I started to ask 'why', but my vocal cords wouldn't obey me; instead of shaping words, my mouth trembled and my voice came out in a pitiful whimper. My vision blurred as enormous, painful teardrops filled my eyes, and I began to shake as the first hot beads of water flowed down my cheeks.
Erik
I watched, helpless, as tears ran from Christine's eyes; bitterly, I knew that it was not my place to comfort this grief. My poor Christine . . . she had wanted an angel to share heaven with, but all I could offer her was my inner demon, damned before we met for my crimes against the human race.
She sagged against me, her sobs coming harder now, and despite knowing my own unworthiness I wrapped my arms tightly around her. Comfort she needed, and I was all the comfort to be had. "Christine, please don't cry," I begged quietly, kissing her forehead.
Tears began to form in my own eyes as she wept; how I hated that my actions had hurt her!
I leaned my forehead against hers, my tears dropping to her cheeks. We seemed bound together, neither able to move as Christine mourned my soul and I grieved for her pain, until I broke the tableau by pressing my lips to her forehead again. I began to desperately cover her face with kisses, all the while repeating a stream of entreaties. "I'm sorry, Christine, please don't cry. Please, mon ange, stop crying. Christine, I'm sorry, Christine, please . . . "
Her breath hitched as I briefly touched my lips to hers, and I immediately pulled away. I had gotten lost in comforting her; of course she didn't want a killer kissing her.
Christine reached for me and held my face in her smooth, gentle hands. "Erik, why are you crying?" Her voice was hoarse, but steady.
"Because I've managed to hurt you. Again. Because I cause you pain." I answered quickly and honestly.
"Erik," she whispered, and I shuddered at the tenderness in her tone. "Oh, Erik. Don't cry because of me." Christine's eyes were locked onto mine. "Erik . . . cry for them. For the lives you took from them, not for the sorrow it causes me." Her thumbs lightly caught my tears in two loving strokes. The pain in her gaze was demanding an answer. "Erik, please, tell me why."
No.
She was wrong, when she said I wasn't crazy. I had been, then—out of my mind with fear over losing her. My excuses for killing Buquet and Piangi were paltry at best; Buquet had seen my face in an unguarded moment and was in my way, Piangi I needed out of commission so that I could perform Don Juan's role. The reason, the true reason, behind both of their deaths was simply that I had been consumed with fear over the possibility that I might lose Christine. I learned at a young age to translate my fear into deadly action; it surprises me still that the Vicomte de Chagny did not die by my hand during those six months.

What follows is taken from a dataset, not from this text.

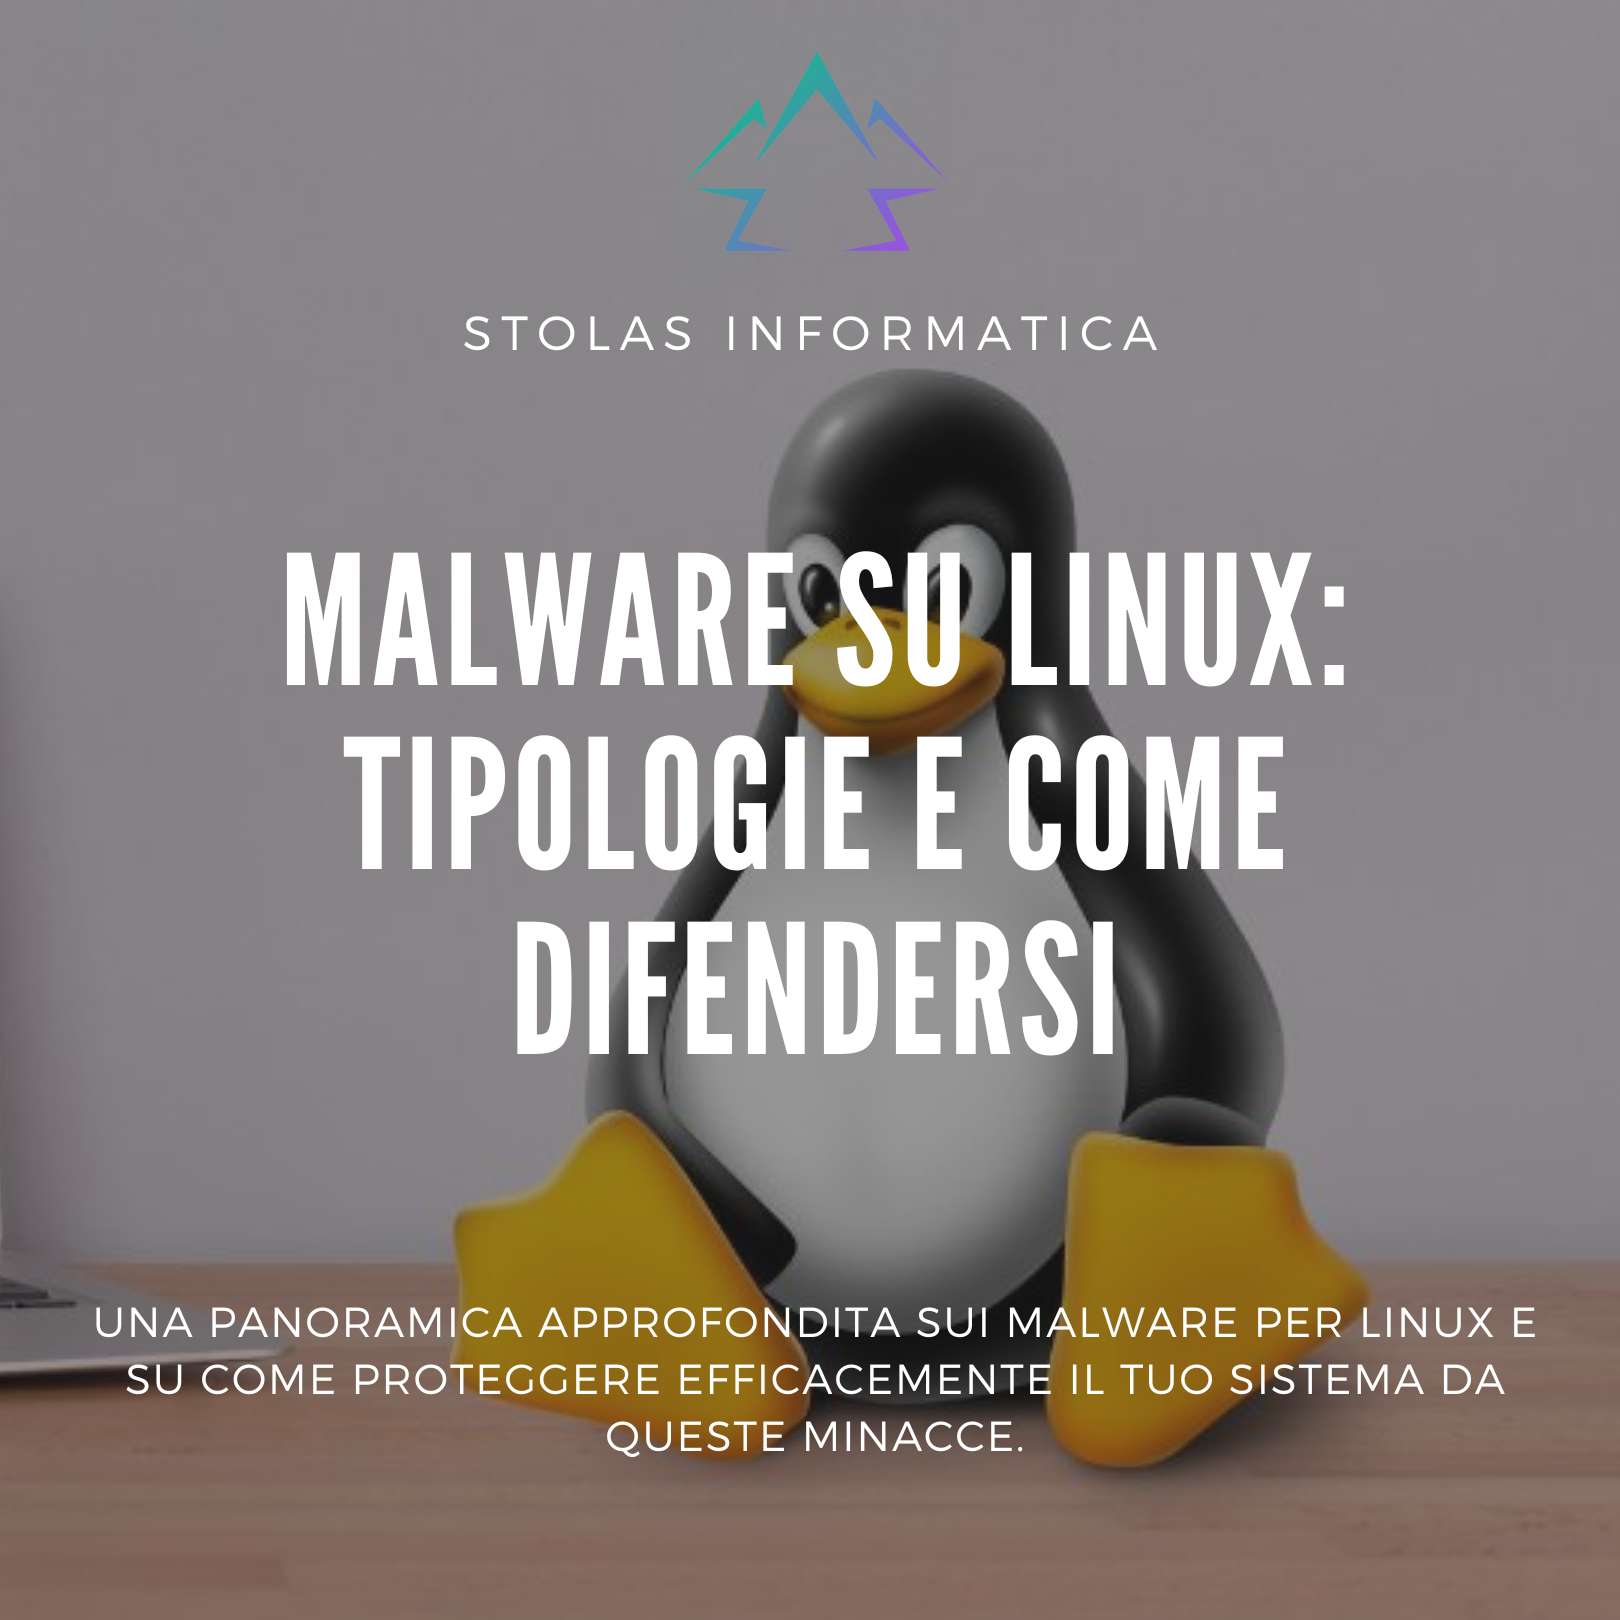 malware linux tipologie come difendersi cover

And I would not tell Christine that my love for her had been the causes of those deaths.
Did I regret them?
Yes. Deeply. Despite my many attempts to assert the contrary, I was human; I knew how precious life was, even a life as tormented as mine. I had not spent all the time between Christine's leaving my home and her return to it mourning the loss of her. I had had ample time to bitterly berate myself for the atrocities I had committed. Buquet and Piangi were not the first men I had stolen life from, but they were the first I had killed in anything except what I considered self-defense, and I truly had grieved for them.
I told Christine this, in halting words, leaving out my reason for such depravity; when I finished, we had both wept again—me for the men I had so callously destroyed, and Christine for the fact that I could feel remorse at all.